A Space Combat turn in Traveller is 6 minutes. The distance covered by a ship in a space turn is the speed at the start of the turn for 360 seconds plus the change in speed from the Thrust in whatever vector the thrust is made:

Distance(km) = Speed(km/s) * 60 min/sec * 6 min
plus/minus
Distance(km) = 60 min/sec * 6 min * Thrust/100
(or the acceleration vector simplified to: Distance(km) = 3.6 * Thrust)

For added simplicity, I like the High Guard vector model, but it hurts the brain a bit sometimes to see how a battle might take place sometimes. For example, consider a thrust 3 ship that has accelerated for an hour has added 3 thrust (30 m/s) to its speed 3,600 times. Its moving at 10,800 thrust points in one vector or 108 km/s (38,800 kms in one 6 minute game round). At this point if another ship isn't going a similar speed on the same vector, not much fighting could happen. For a stationary object, the ship would go from a very long distance to adjacent in 1 round to a very long distance in round 2 and then they would be 70,000km or more apart (distant)! Or if this hour was spent thrusting to get to the safe jump distance away from a planet (which takes about 2.26 hours at thrust 3 from a 10,000 km planet) and another ship was thrusting in towards the planet after jumping to the sector, they would be going at similar speeds but in opposite directions - maybe just one round of combat with no chance of turning the ship around (it would take an hour just to stop going the opposite direction).

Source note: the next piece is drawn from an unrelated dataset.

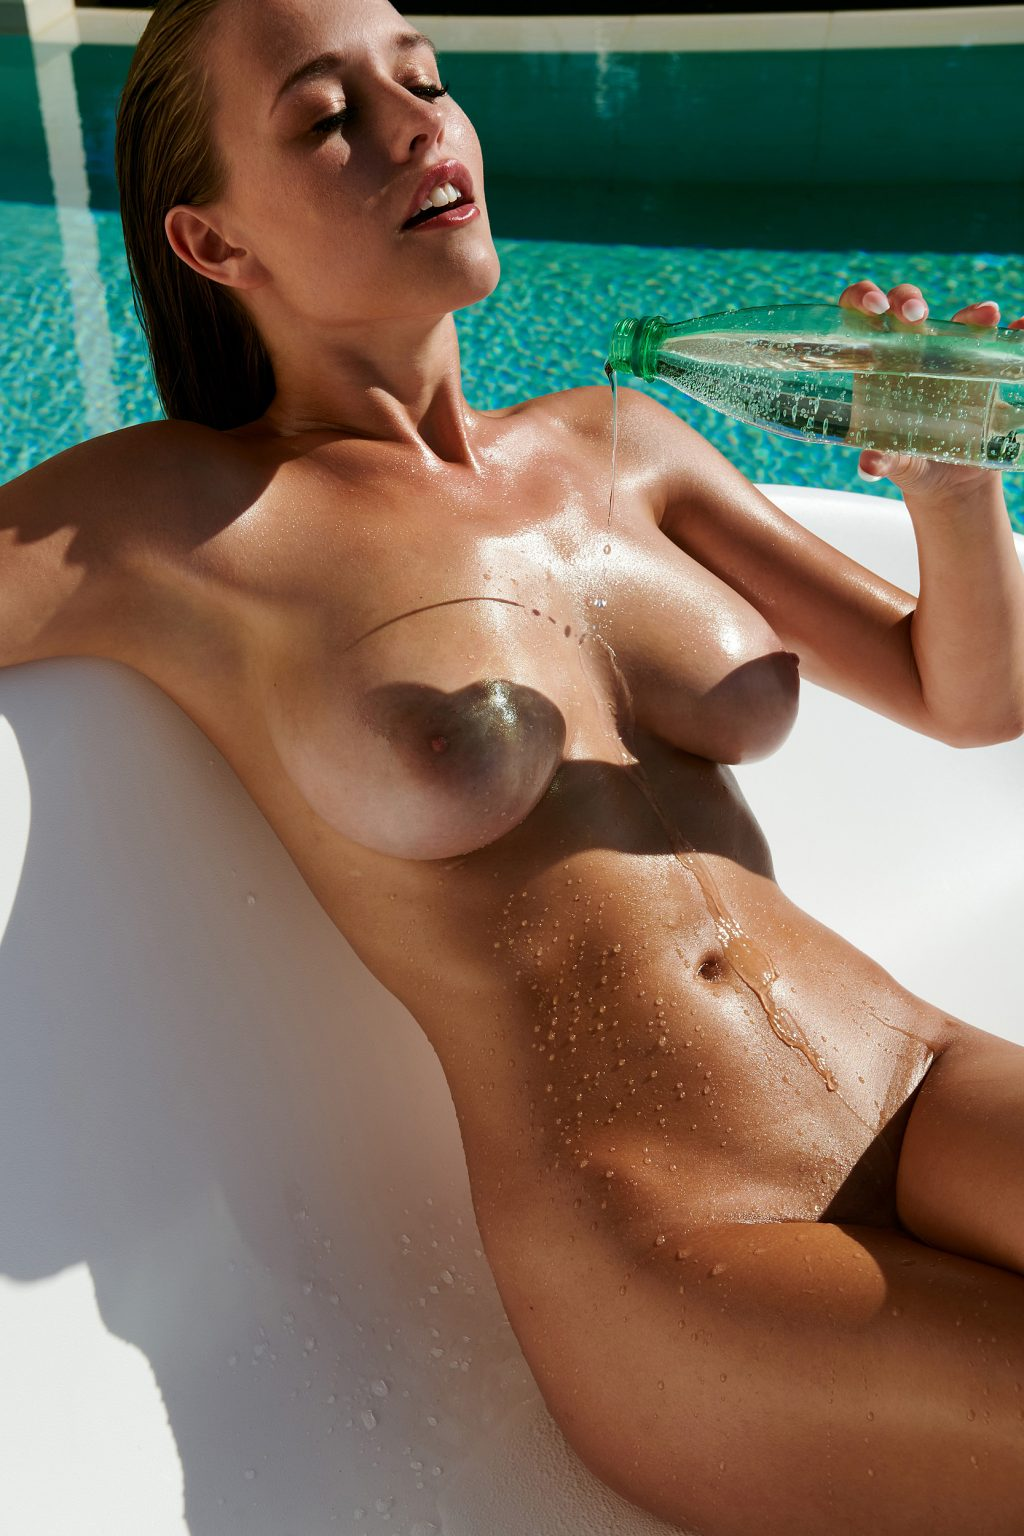 Badunkadunk nude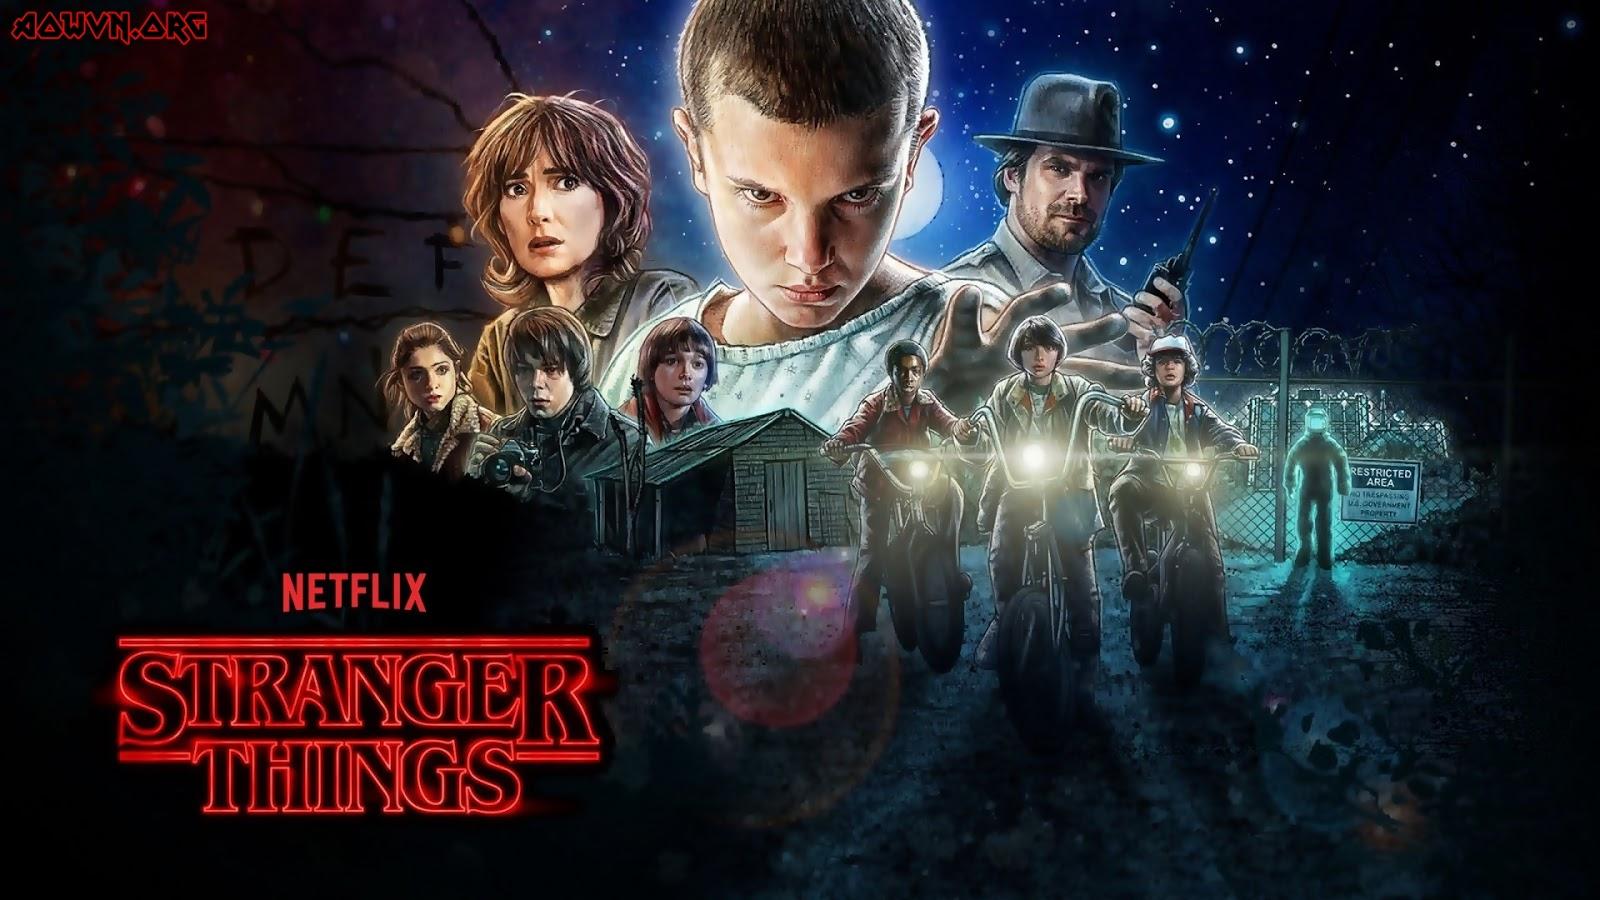 1 97YEAgTwIPTvAT Bz7VcAw - [ Phim 3gp Mp4 ] Stranger Things SS1 + SS2 | Vietsub - Siêu phẩm Netflix - Kinh Dị - Viễn Tưởng

Anyway, these formulas get convaluted when people bring in AUs or use days instead of seconds, or don't convert m to kms or use the correct gravity of earth as a g, being 9.8065 meters per second per second instead of the rounded off 10 m/s^2 that the game uses. I like the formula stated in seconds for time - I can convert from there - and distance being in kms.
 
Tigleth Pilisar said:
At this point if another ship isn't going a similar speed on the same vector, not much fighting could happen. For a stationary object, the ship would go from a very long distance to adjacent in 1 round to a very long distance in round 2 and then they would be 70,000km or more apart (distant)!

This is probably how many battles would be fought depending on the squadron/ship types.

There is probably something similar to this theory for spaceship combt in the TU.

http://en.wikipedia.org/wiki/Energy-Maneuverability_theory
 
Tigleth Pilisar said:
Its moving at 10,800 thrust points in one vector or 108 km/s (38,800 kms in one 6 minute game round). At this point if another ship isn't going a similar speed on the same vector, not much fighting could happen.

Jack Campbell's The Lost Fleet: Valiant describes several fleet battles where the combatants basically zip past each other at crazy velocities and computers fire at each other because the time the targets are in range is so short that people can't do it. Then they make big lazy arcs in space and zip past each other again... pretty cool book, and one of a series of four I think.

Also, GURPS:Spaceships has variable-length space combat rounds, from 20-second turns up to 10-minute turns, based on acceleration and range to target. I'm playing around with this idea IMTU and I'm liking it a lot - the tension can really ratchet up as those turn lengths get shorter and shorter...
 
Jack Campbell's The Lost Fleet: Valiant describes several fleet battles where the combatants basically zip past each other at crazy velocities and computers fire at each other because the time the targets are in range is so short that people can't do it. Then they make big lazy arcs in space and zip past each other again... pretty cool book, and one of a series of four I think.

Fovean, Jack Cambell's books are a MUST READ. The series is six books:

DAUNTLESS
FEARLESS
COURAGEOUS
VALIANT (the fourth book)
RELENTLESS
VICTORIUS

About 1800 pages in all. I couldn't put it down! I'd start at the beginning though although he makes it so you could start at any book. I also liked the idea of how light time was taken into account to recognize that positions only reflected where things were when the light from their position was sent. For far distances, this leads to tactical display lags the farther ships are away from each other.